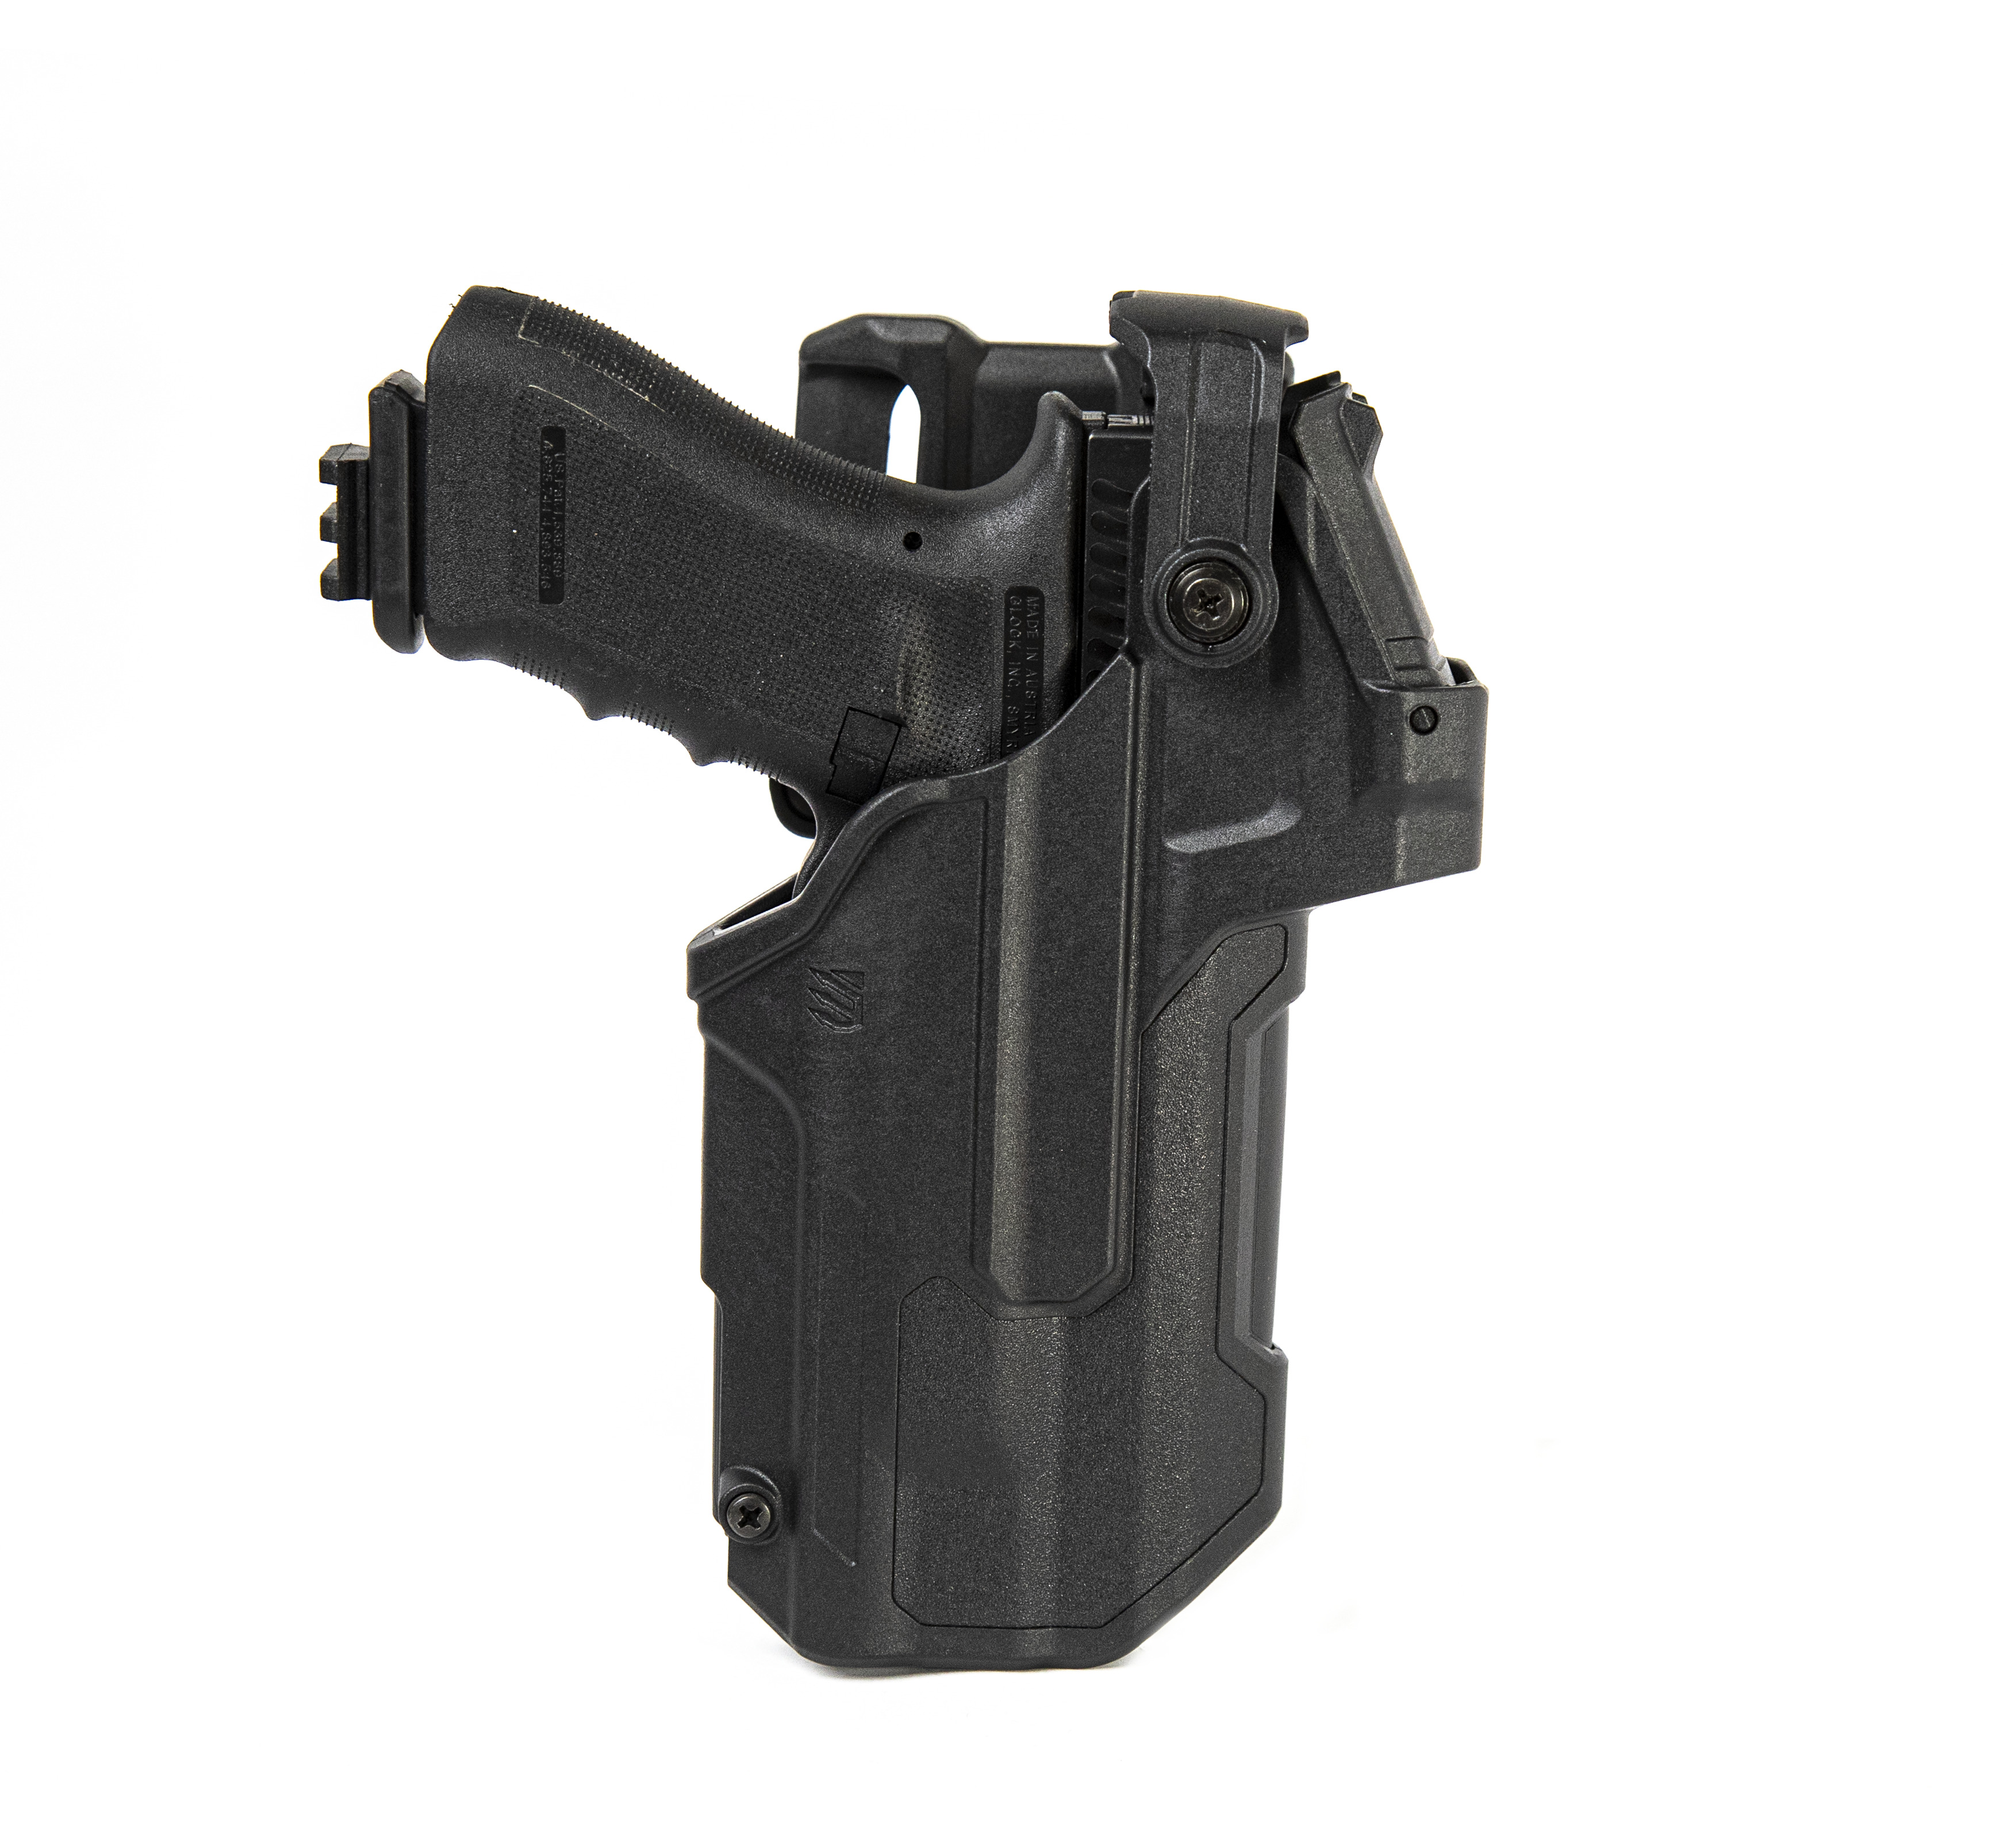 Buy T-Series Level 3 Duty Light-Bearing Red Dot Sight Holster And
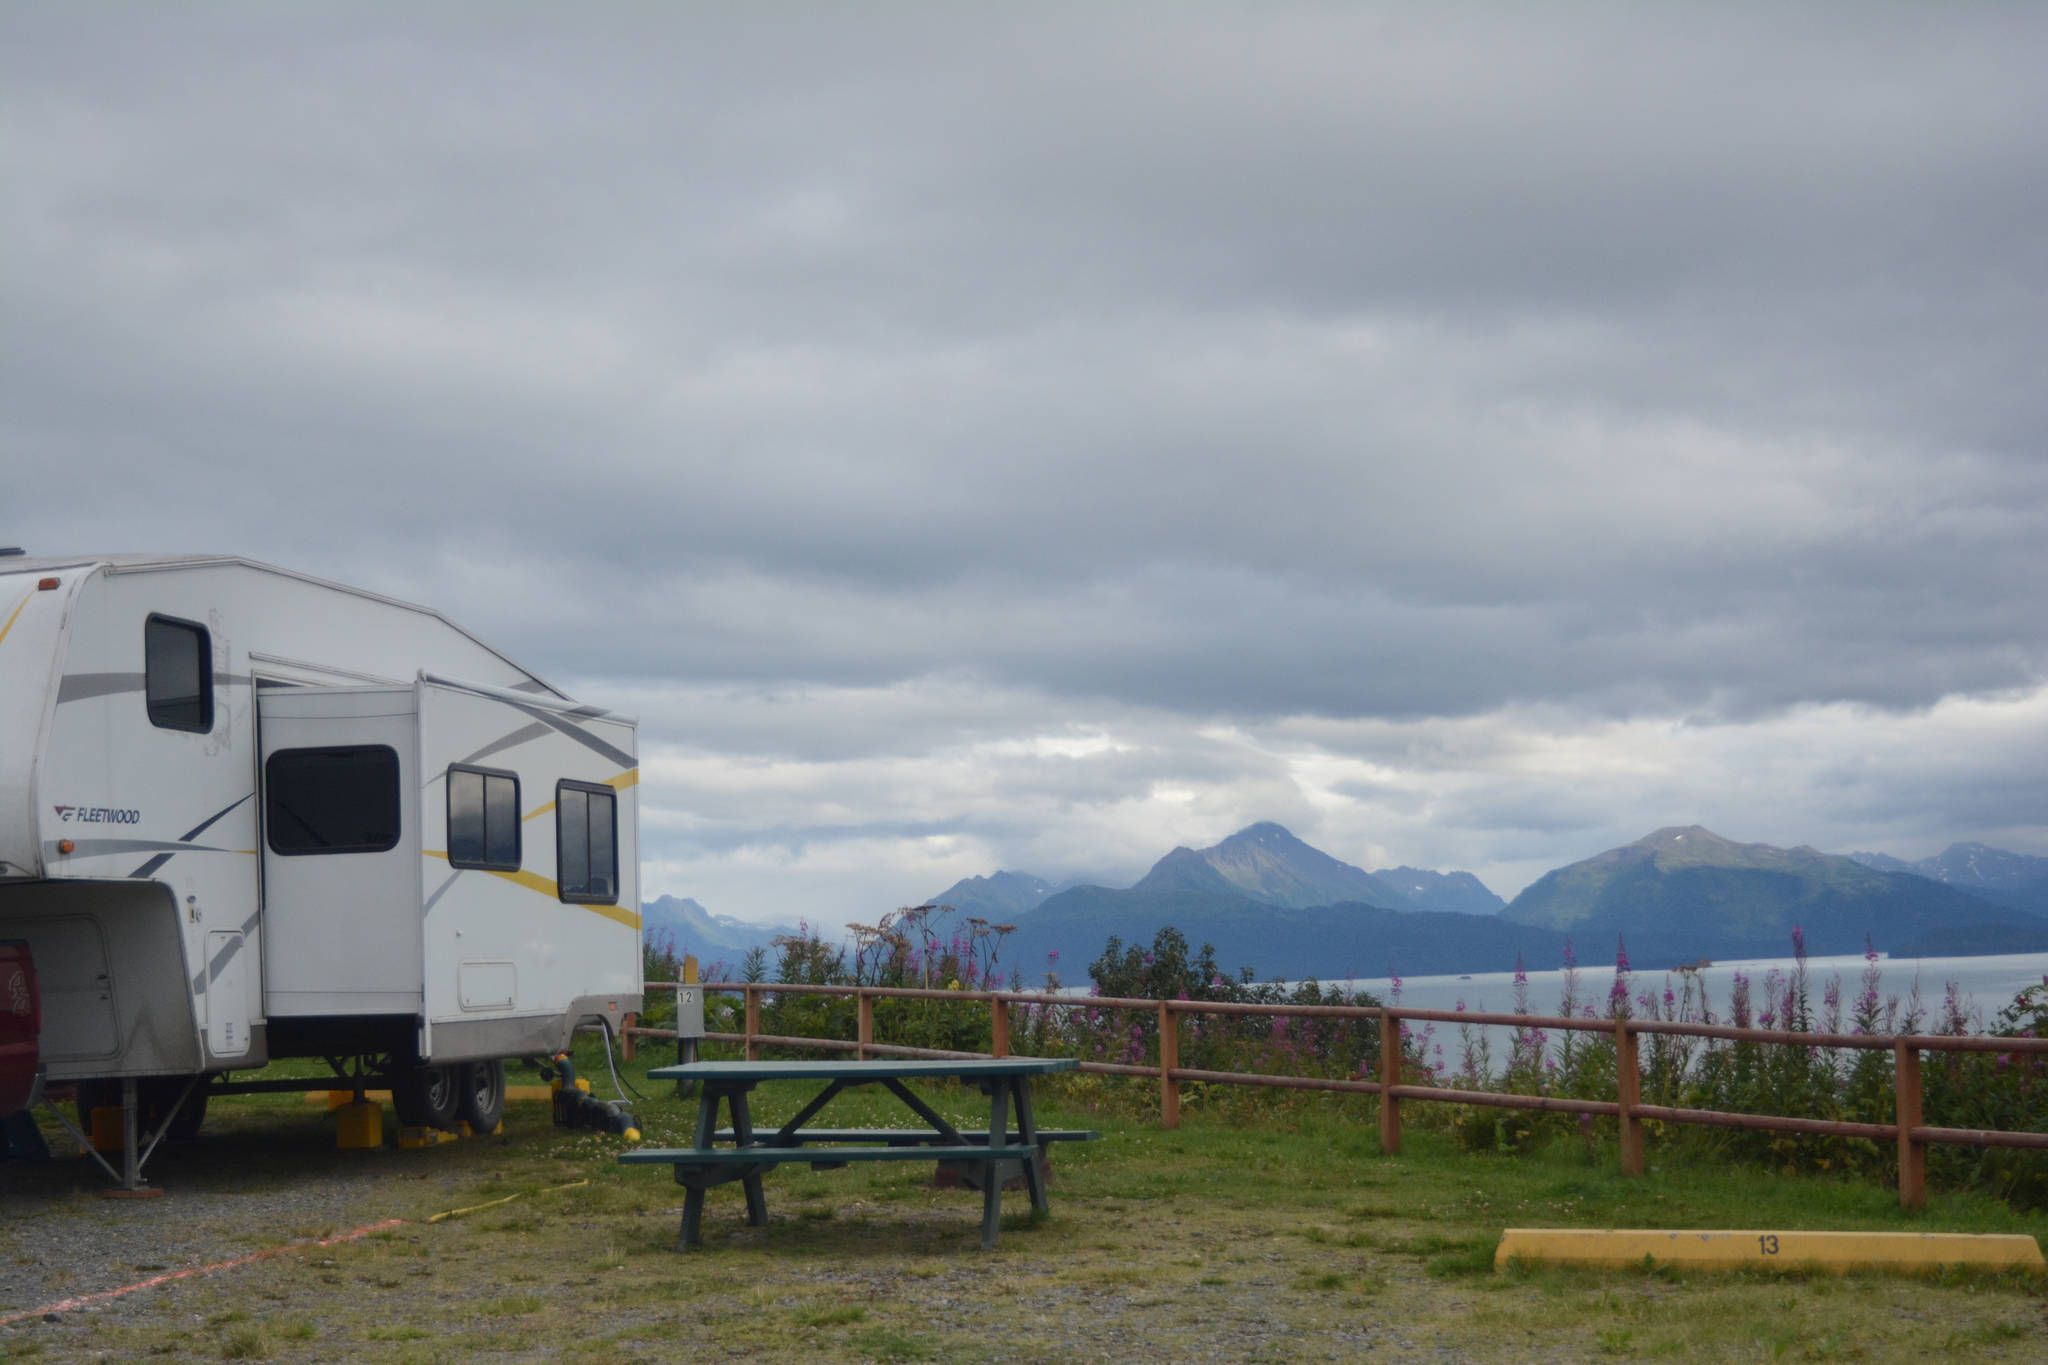 A campsite at Baycrest RV Park looks out over Kachemak Bay near Baycrest Hill in Homer, Alaska, on Aug, 18, 2018 at The Homer/Baycrest KOA Campground near Baycrest Hill in Homer, Alaska. Formerly the Baycrest RV Park, owners Shelly and Jeff Erickson made it a KOA campground in the fall of 2017. (Photo by Michael Armstrong/Homer News).
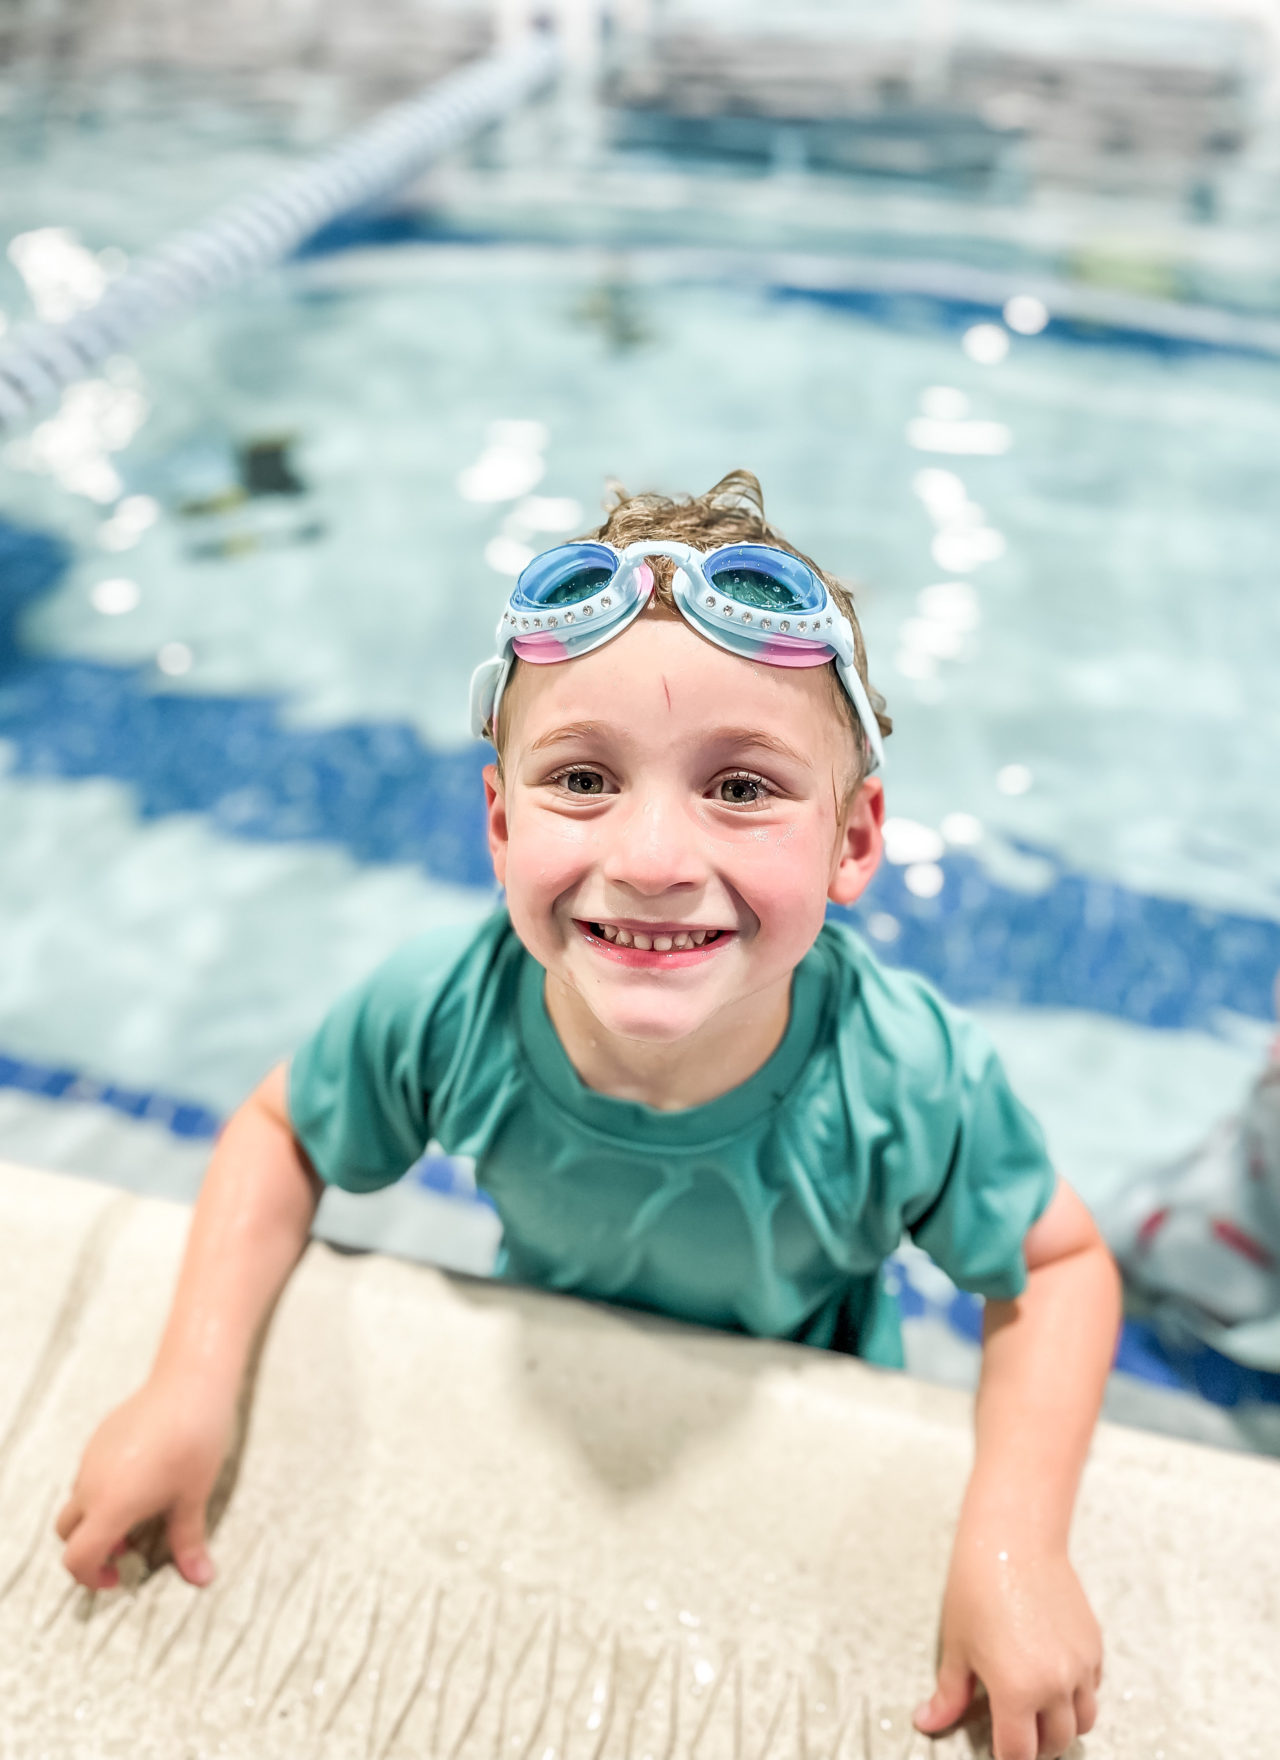 How to Calm Kids Who are Anxious About Swim Lessons

# Problem to solve:
Nothing but the lines from the line containing "A campsite at" through the last line of the material may be output, and they must be copied exactly, without pictures.

# Problem solution:
 A campsite at Baycrest RV Park looks out over Kachemak Bay near Baycrest Hill in Homer, Alaska, on Aug, 18, 2018 at The Homer/Baycrest KOA Campground near Baycrest Hill in Homer, Alaska. Formerly the Baycrest RV Park, owners Shelly and Jeff Erickson made it a KOA campground in the fall of 2017. (Photo by Michael Armstrong/Homer News).
 How to Calm Kids Who are Anxious About Swim Lessons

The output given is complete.